As famílias da Ocupação Luiz Gama, do MLB (Movimento de Luta nos Bairros Vilas e Favelas) foram despejadas após ordem de reintegração de posse pelo Tribunal de Justiça do RJ. Despejo é ilegal, pois a determinação desrepeita a última decisão do STF na ADPF 828, que sentenciou que o poder público deve assegurar abrigo público ou moradia adequada às famílias previamente à desocupação.
Igor Barradas | Redação RJ
LUTA POPULAR – Uma semana antes do Natal, nesta sexta-feira (16), 70 famílias foram despejadas da Ocupação Luiz Gama, no centro da cidade do Rio de Janeiro. A ocupação é um ato de resistência e é organizada pelo MLB (Movimento de Luta nos Bairros, Vilas e Favelas) para garantir os direitos de seus moradores à habitação, segurança e alimentação digna. O prédio ocupado estava vazio há décadas, e o Movimento deu um valor social para ele.
No dia 14 de dezembro, o Desembargador da 14º Câmara Cível do Tribunal de Justiça do Rio de Janeiro, Francisco de Assis Pessanha Filho, ordenou em uma canetada a desocupação forçada em ação de reintegração de posse contra mais de 70 famílias hipervulneráveis. Essas famílias já vinham de outro processo de desocupação promovido pelo Estado, a antiga Ocupação João Cândido, realizada há um ano e meio atrás.
O Tribunal de Justiça havia concedido anteriormente prazo de 20 dias para desocupação voluntária do prédio. Contudo, após recurso do proprietário, o Desembargador deferiu a reintegração de posse no prazo de 24hrs, para despejar as famílias uma semana antes do Natal.
O despejo, realizado exatamente no dia em que a Ocupação Luiz Gama realiza um mês de existência, é criminoso.
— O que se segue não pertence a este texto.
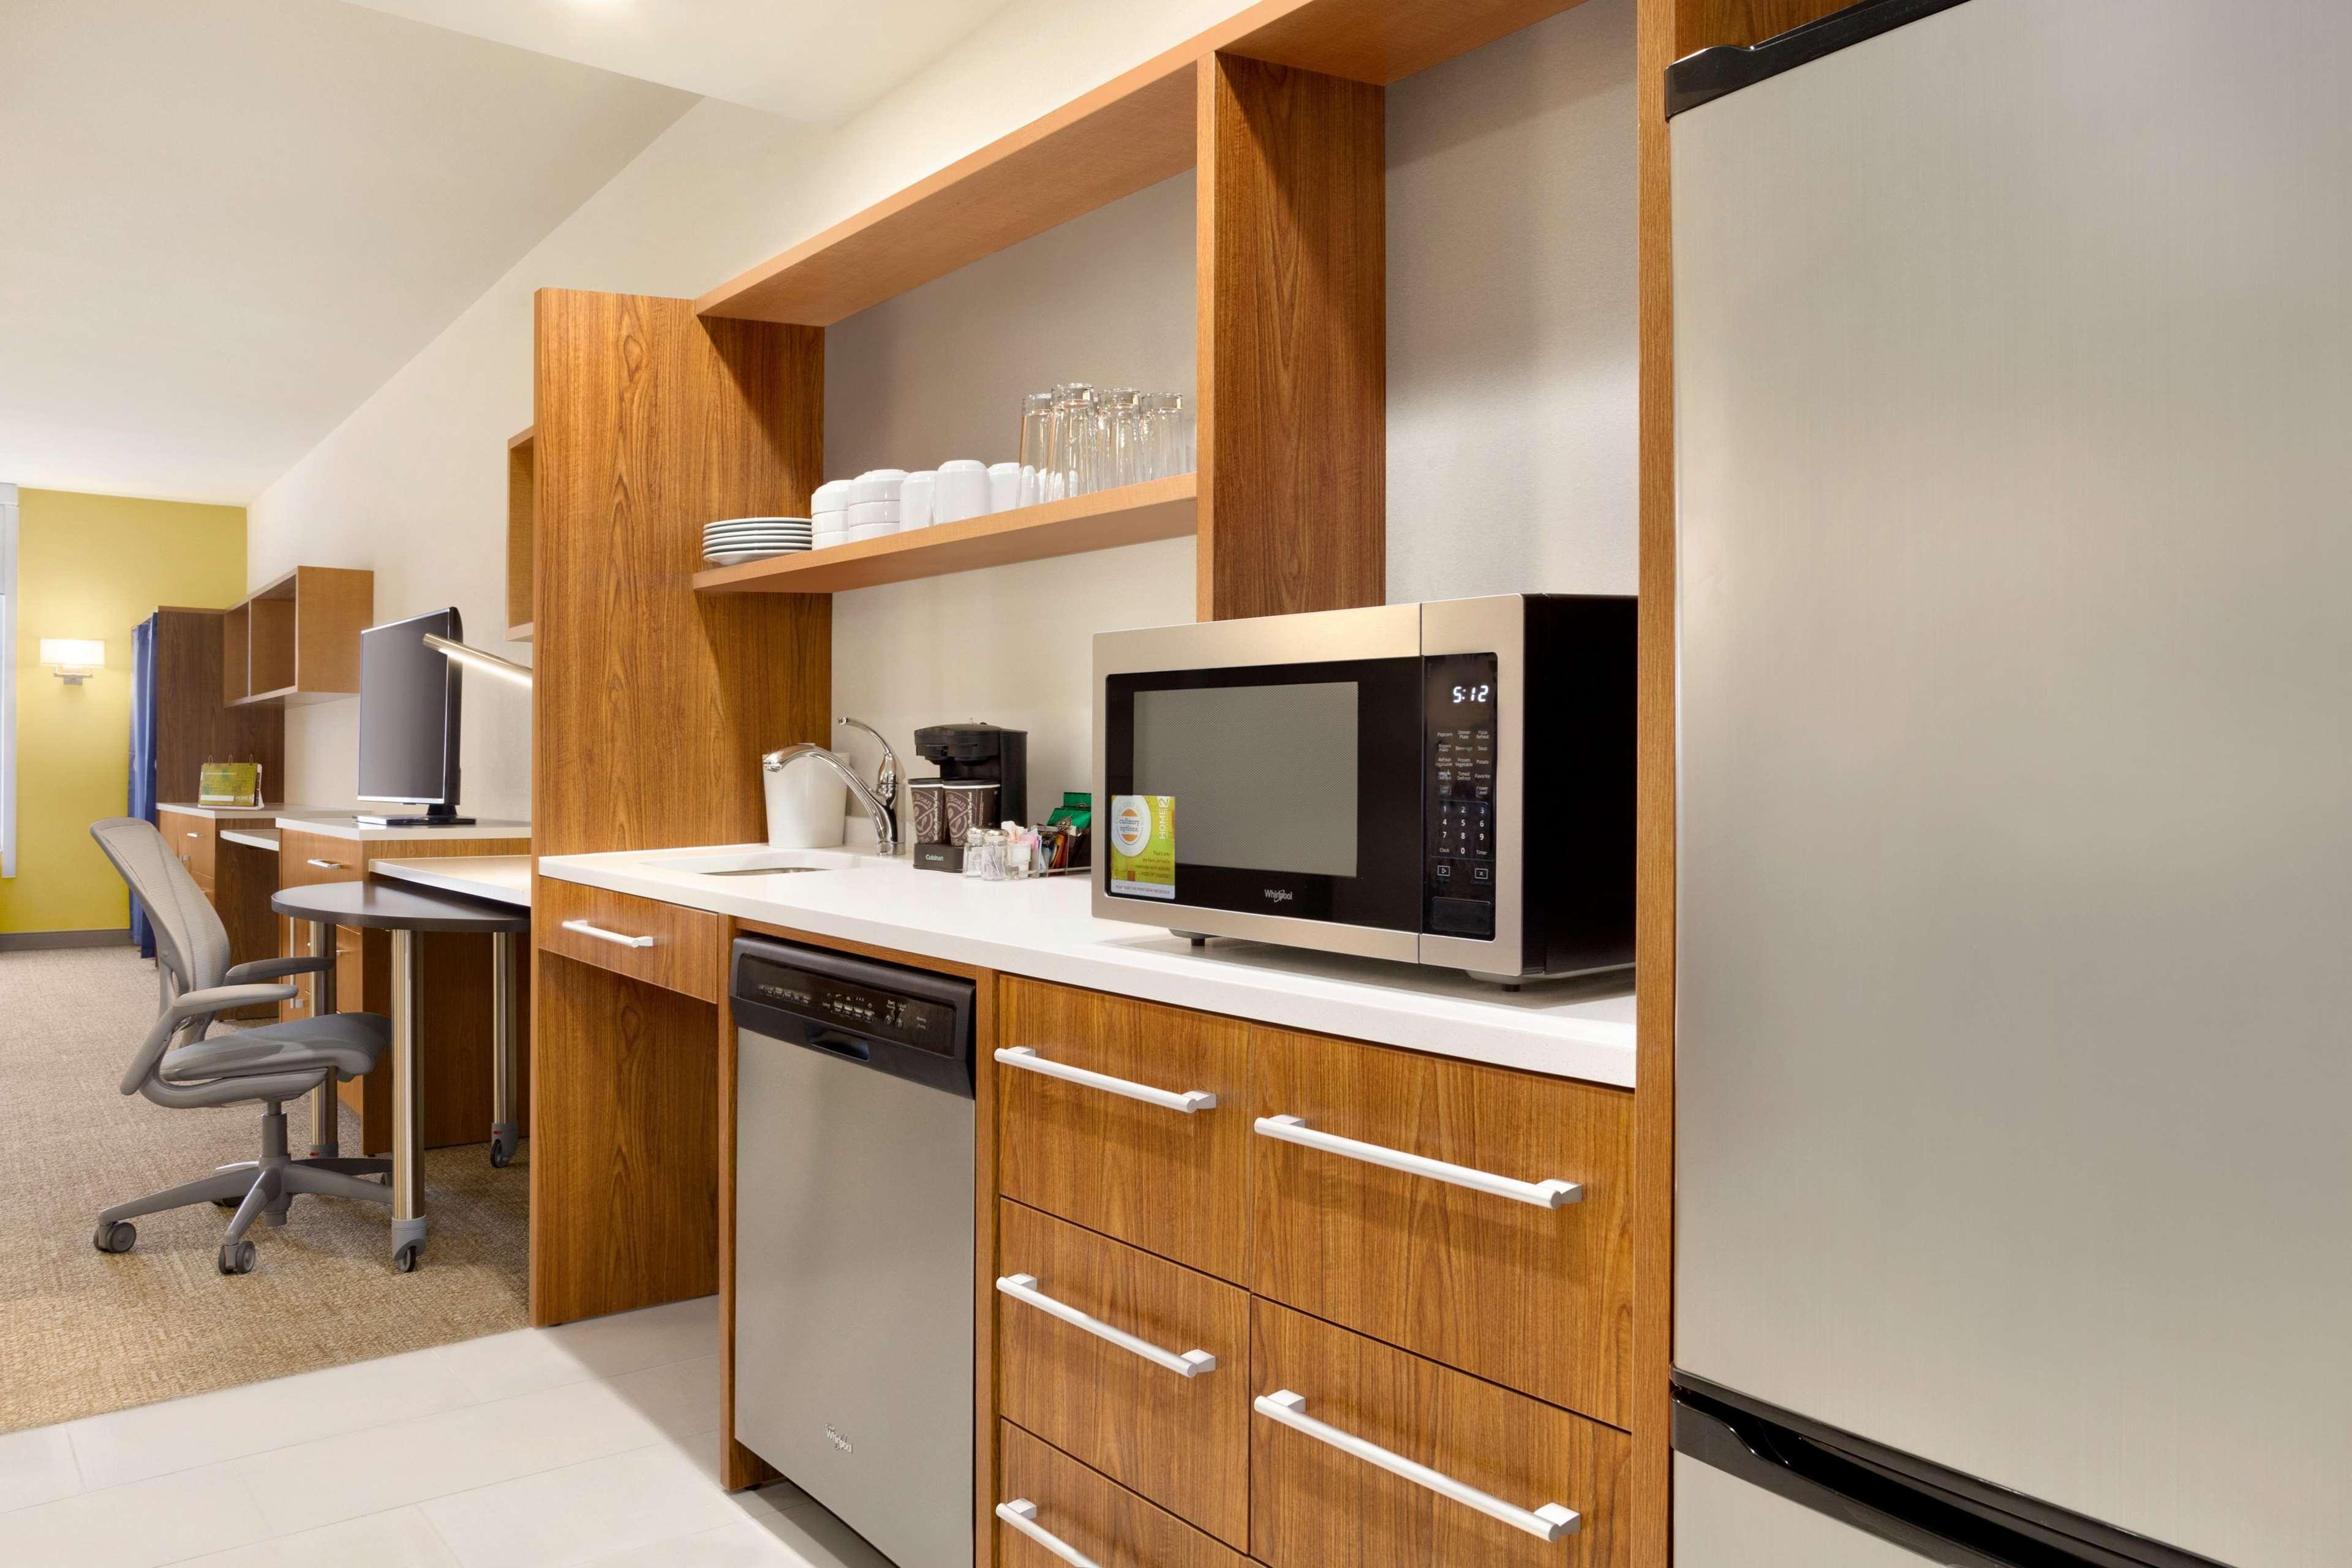 Home2 Suites by Hilton Birmingham Downtown image 8

Ele viola a última decisão do STF na ADPF 828, que sentenciou que o poder público deve assegurar abrigo público ou moral. “Essa lamentável decisão desrespeita a decisão tomada na ADPF 828, que buscou evitar o cumprimento de liminares de reintegração de posse em conflitos coletivos, sem que houvesse tentativas de mediação e apresentação por parte dos poderes públicos de alternativas habitacionais”, afirmou, em nota, o Núcleo de Assessoria Jurídica Universitária Popular Luiza Mahin da Faculdade de Direito da UFRJ.
“A gente ou come ou paga o aluguel”
Logo após o despejo, os apoiadores e as famílias realizaram uma manifestação denunciando o ocorrido.“Olham pra gente com preconceito. Sendo que a gente não tem onde morar. E o prefeito não ajuda em nada. Com o auxílio que a gente recebe, 600 reais serve ou para comer ou para pagar o aluguel. Eu tenho quatro filhos. Moro de aluguel. Todo mês fico na correria. Preciso muito mesmo de uma moradia, um lugar digno para morar”, disse uma das moradoras da Ocupação Luiz Gama, durante a manifestação.
Uma pesquisa realizada pela Fundação João Pinheiro mostrou que em 296 mil moradias do estado do Rio, as famílias que ganham até três salários mínimos, gastam pelo menos 30% da sua renda pagando aluguel.
Outro levantamento, agora realizado pelo LABA UFRJ, afirma que mais de 13 mil famílias se encontram ameaçadas de remoção na cidade. Dentre elas, mais de 1.400 famílias estão na área central da cidade, e cerca de 6 mil famílias estão sendo ameaçadas pelo Poder Público.
Ocupar, resistir e construir
Embrião de uma nova sociedade, a Ocupação Luiz Gama é o poder do povo, quando os explorados e oprimidos decidem o rumo de sua história. A água, banheiro, cozinha, alimentação, educação, creche, lazer, cultura, saúde existiam para todos da Ocupação, e não somente para uma minoria.
A decisão desumana do Desembargador, não leva em conta a vida dessas famílias e demonstra que para a justiça burguesa é mais importante a propriedade privada, um imovel privado vazio ao direito fundamental e humano da moradia digna.
É urgente que essa decisão seja revertida imediatamente. As famílias da ocupação Luiz Gama devem ter seus direitos respeitados e a moradia digna garantida. Enquanto a população viver em barracos de papelão, de favor na casa de parentes, em áreas de risco, calçadas, praças e debaixo de viadutos, ocupar será um dever revolucionário.